I was talking to a colleague the other day about caramelizing onions and all of a sudden there was a pressure cooker in my kitchen.
OK. There were a few more intermediate steps than that, but that’s pretty much the gist of it:
The gist of the conversation was:
- how caramelizing onions in a pressure cooker is great
- pressure cookers are no longer the contrary death traps we remember from days of yore
- they’re really no larger than a normal sized pot
The last one is particularly important for me due to the limited kitchen space available in London on my budget (ok, the “I’m not going to die horribly” bit is quite important too. But kitchen space dammit).
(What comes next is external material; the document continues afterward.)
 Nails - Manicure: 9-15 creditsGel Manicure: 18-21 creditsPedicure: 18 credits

So when we got back the office I applied my standard impulse buy buying algorithm and on Wednesday a pressure cooker arrived. It’s this one for what it’s worth, which has a few bad reviews about longevity, but I figured I’d rather buy a cheaper one and replace it in a year or two when it turns into a mere pot than buy an expensive one and discover pressure cookers were useless.
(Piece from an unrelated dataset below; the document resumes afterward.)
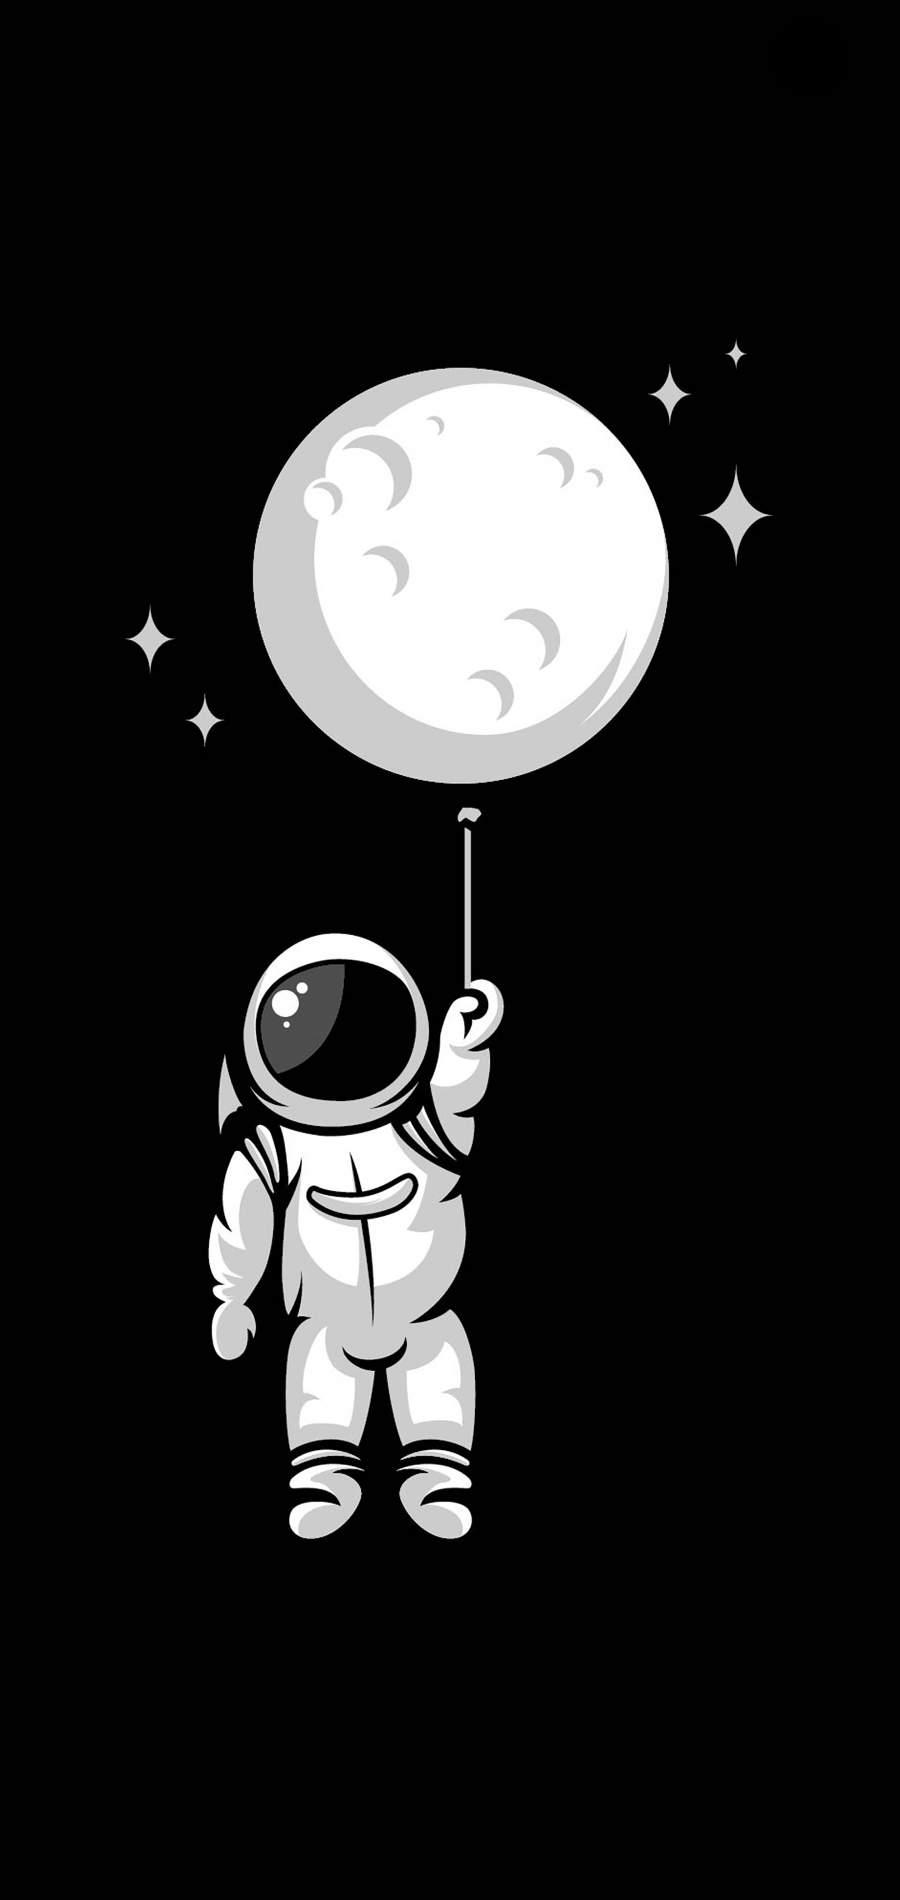 Astronaut Balloon iPhone Wallpaper

It turns out pressure cookers aren’t useless.
I’m still not entirely used to the next day delivery thing, so I had completely failed to anticipate that I would have a pressure cooker and thus decided to make something with whatever I had to hand. The following was the result:
Caramelized onion and red lentil soup
- 1 large red onion
- 3 small white onions
- a little under half a pack of butter (100g?)
- a couple liters of chicken stock I’d made the other day
- a lot of lentils (I honestly just poured what was left of my 2kg bag in. I think this came to somewhere around 500-800g?)
- a bit of salt
- a bit of brown sugar
- 1/2 tsp ground chipotle
- 3 bay leaves
I am not a precise cook, OK?
- Put all the lentils on to soak in cold water, stirring and changing the water occasionally. This is mostly to clean off a lot of what I guess is mostly lentil dust off them but tends to give them a slightly unpleasant floury flavour.
- Slice the onions
- put them in the pressure cooker with the butter, salt and sugar
- Let it come up to pressure
- Wait 5 minutes then get a phone call
- Panic and take the pressure cooker off the heat because I still don’t entirely believe it’s not going to explode
- Spend about 15 minutes on the phone
- Put the pressure cooker back on the heat, leave it for another 10 minutes
- Observe that those onions do indeed look very nicely caramelized, and also are swimming in a delicious looking mix of butter and their own juices. I’d probably have put them back on for a little longer, but they were going to cook more in the soup and I was in a hurry.
- Add all the rest of the ingredients – stock, lentils, spices, etc.
- Let it come back up to pressure (this took a while, mostly due to time it takes to boil that much liquid) then wait another 20 minutes
- Observe giant pot full of tasty soup
- Serve with crumbled feta and white sourdough bread
This was really good soup. I had seconds despite being full from the firsts and was late to the pub as a result. Totally worth it.
I mean, this would have been tasty without the pressure cooker too, but the novel thing about the pressure cooked soup was that the cooking was really even, much more thorough that I’d normally have got for the amount of liquid lost and took way less time and effort.
More experiments will need to be performed, but I think this pressure cooker and I are going to be friends.